In the elevator system of each embodiment, by using the under-car pulleys, it is possible to have a structure in which each car is suspended from the lower part of the car as a pair. It is also possible to install the under-car pulley at a predetermined angle by providing a fixing member such as a groove or a bolt in the lower part of the car in a predetermined direction and installing the under-car pulley for each frame in that direction. It is also possible to adjust the angle after attaching the frame holding the pair of under-car pulleys to the center of the bottom of the car.

In the elevator system of each of the above-described embodiments, two cars are configured so as to prevent interference between suspension ropes, but the system can also be applied to three or more cars, and can be used for high-rise buildings. This is particularly advantageous in terms of transport efficiency per occupied area when constructing an elevator system.

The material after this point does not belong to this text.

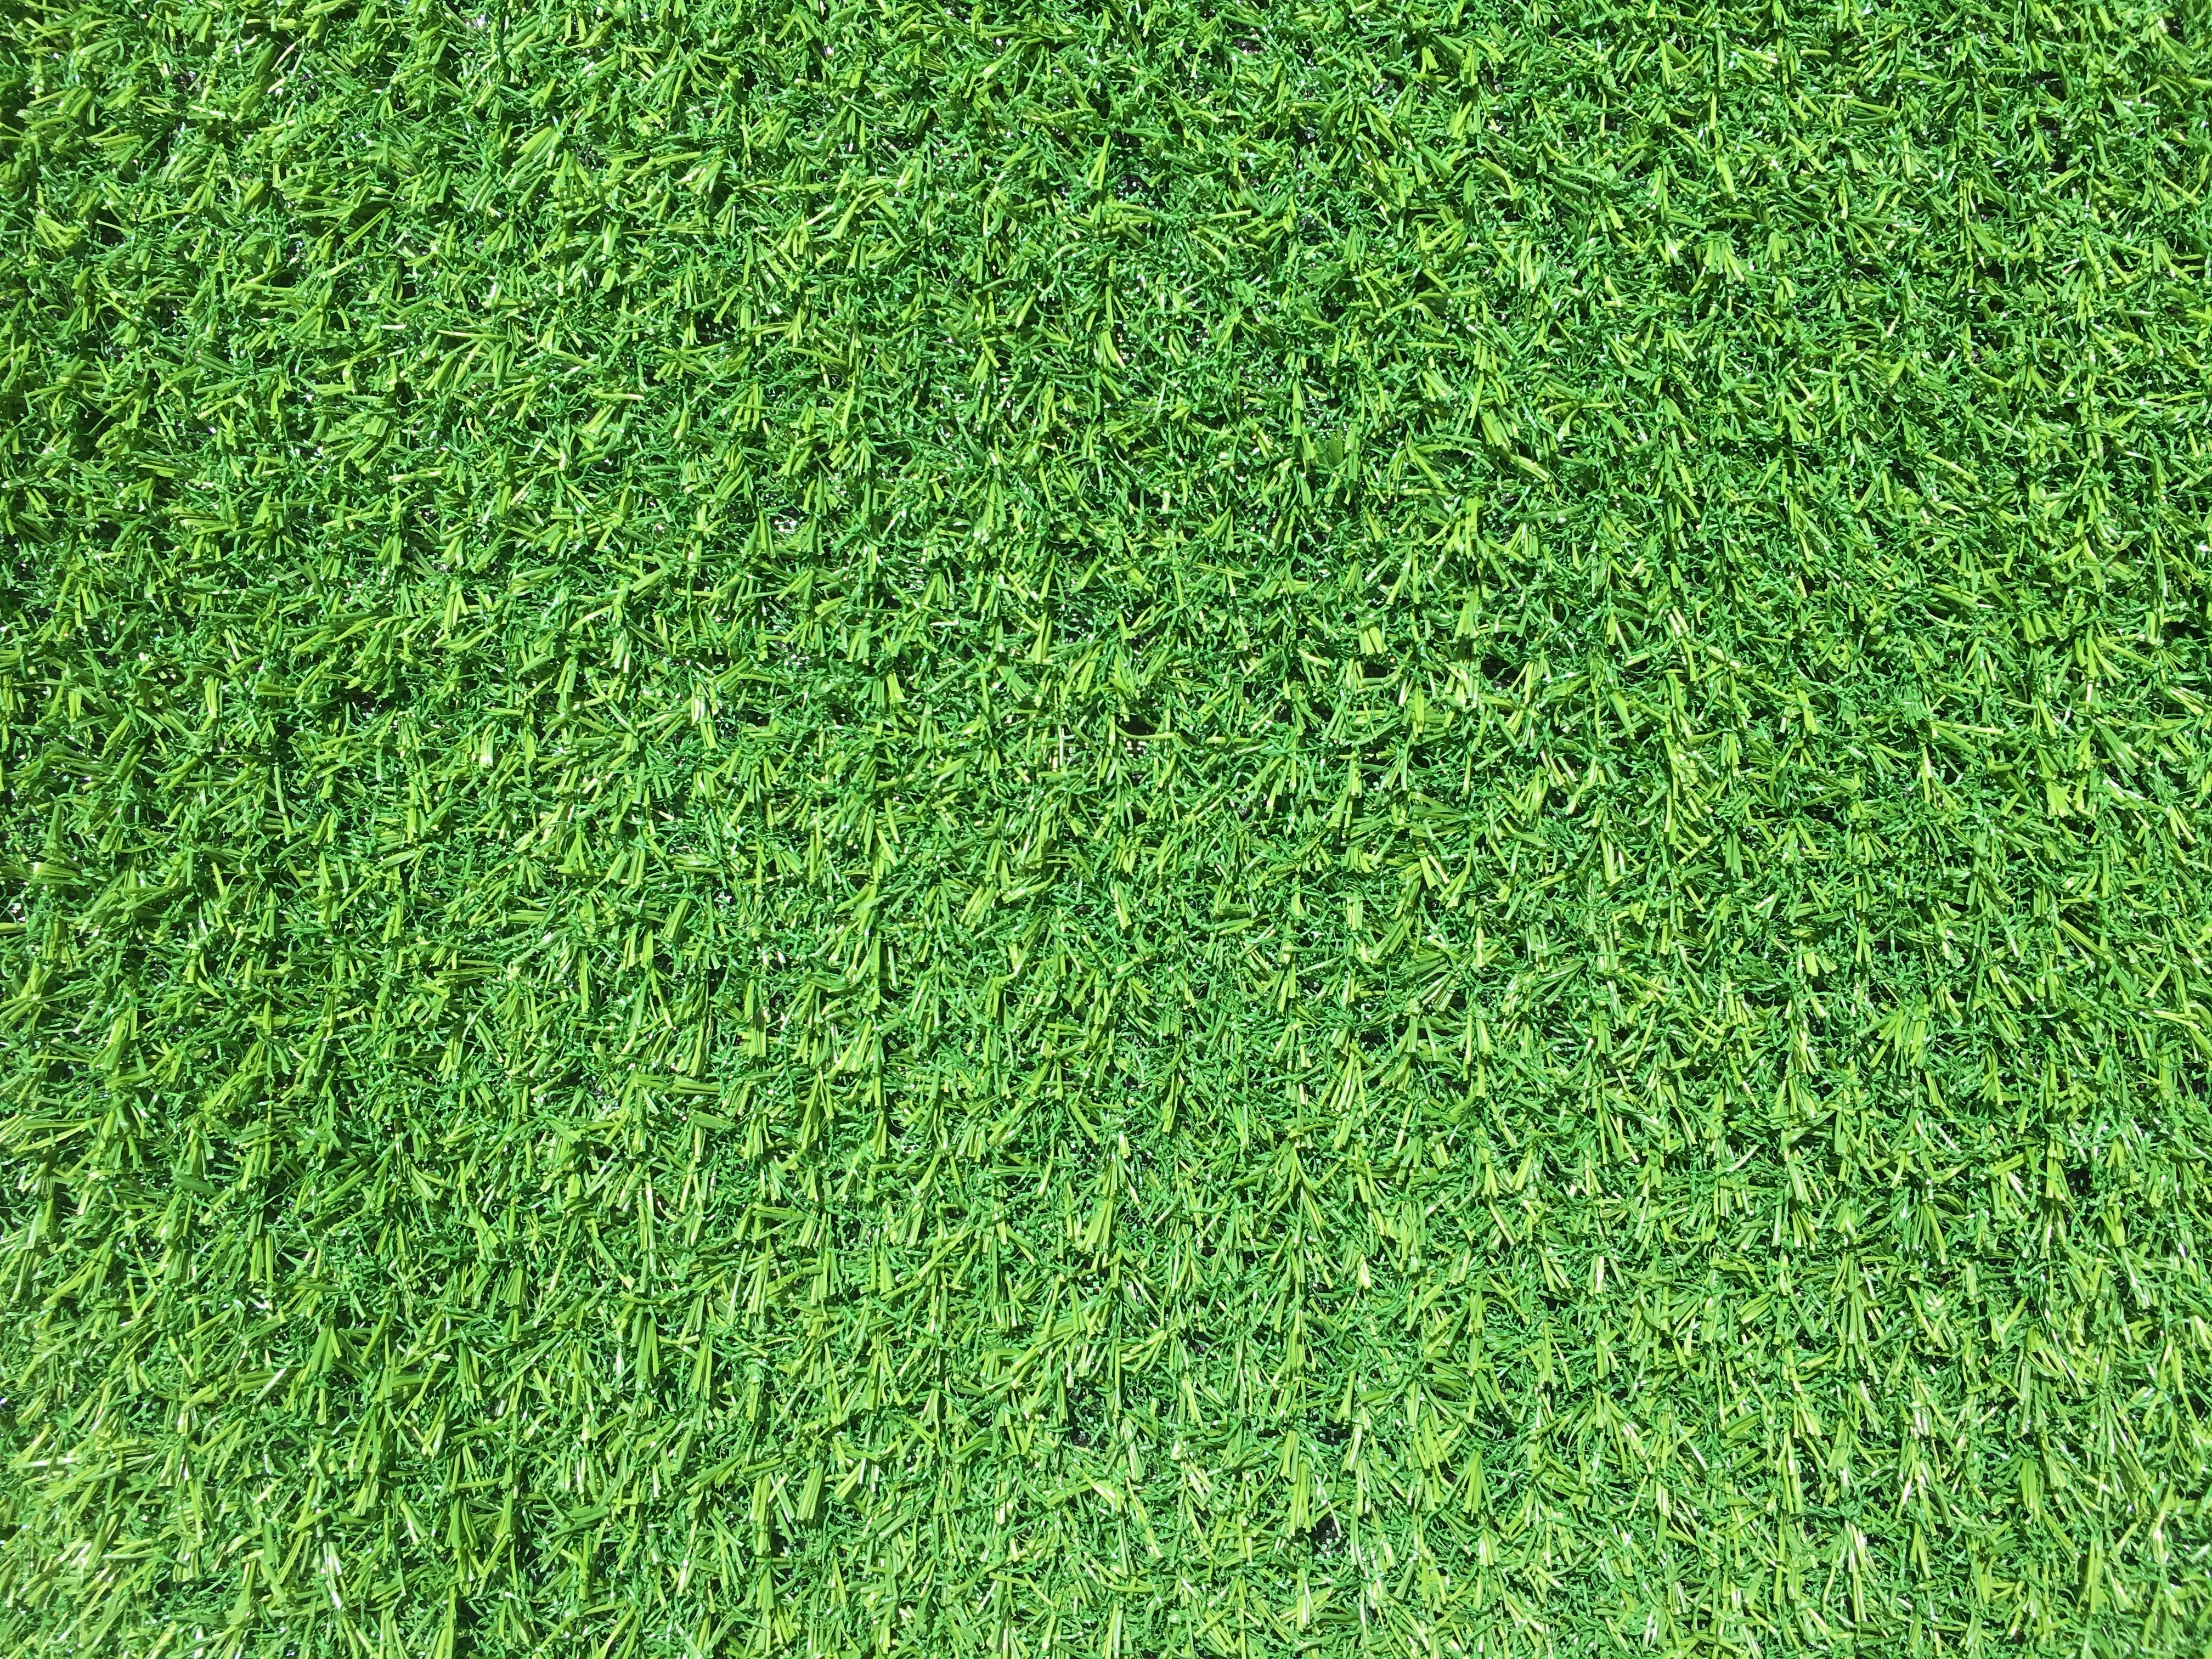 Covor Iarba Artificiala, Tip Gazon, Verde, Tropicana, 100% Polipropilena, 10 mm, 300x400 cm0

In addition, although an example in which the counterweight side is hung side by side in the vertical direction has been described, even in a structure in which the position in the horizontal direction is originally shifted, interference between the suspension ropes of two or more cars can be prevented.

Claims

1-5. (canceled)

6. An elevator system, in which first and second elevator cars are arranged in a single elevator hoistway, the elevator system comprising: a pair of under-car pulleys positioned on the lower portions of the first and second elevator cars, respectively, configured to turn ropes vertically on the outer sides of the first and second elevator cars and horizontally on the bottom of the first and second elevator cars, and the arrangement direction of the under-car pulley pair of the first elevator car intersects the arrangement direction of the under-car pulley pair of the second elevator car when projected onto a horizontal plane.

7. The elevator system according to claim 6, wherein said first and second elevator cars are guided along a pair of main rails extending along said elevator hoistway, wherein the under-car pulley of the first elevator car winds a rope extending on either one of the left and right sides of the main rail when viewed from the center of each car, and wherein the under-car pulley of the second elevator car winds a rope extending on the other one of the left and right sides of the main rail as viewed from the center of each car.

8. The elevator system according to claim 6, wherein the pair of main rails is arranged in an angular direction that is a half of the angle of the arrangement direction in which the pairs of under-car pulleys intersect with each other.

9. The elevator system of claim 6, wherein said first and second elevator cars are independently operated and are of the same size.

10. The elevator system according to claim 6, wherein the axial directions of the pulleys attached to the counterweights that balance the first and second elevator cars also intersect when projected onto the horizontal plane.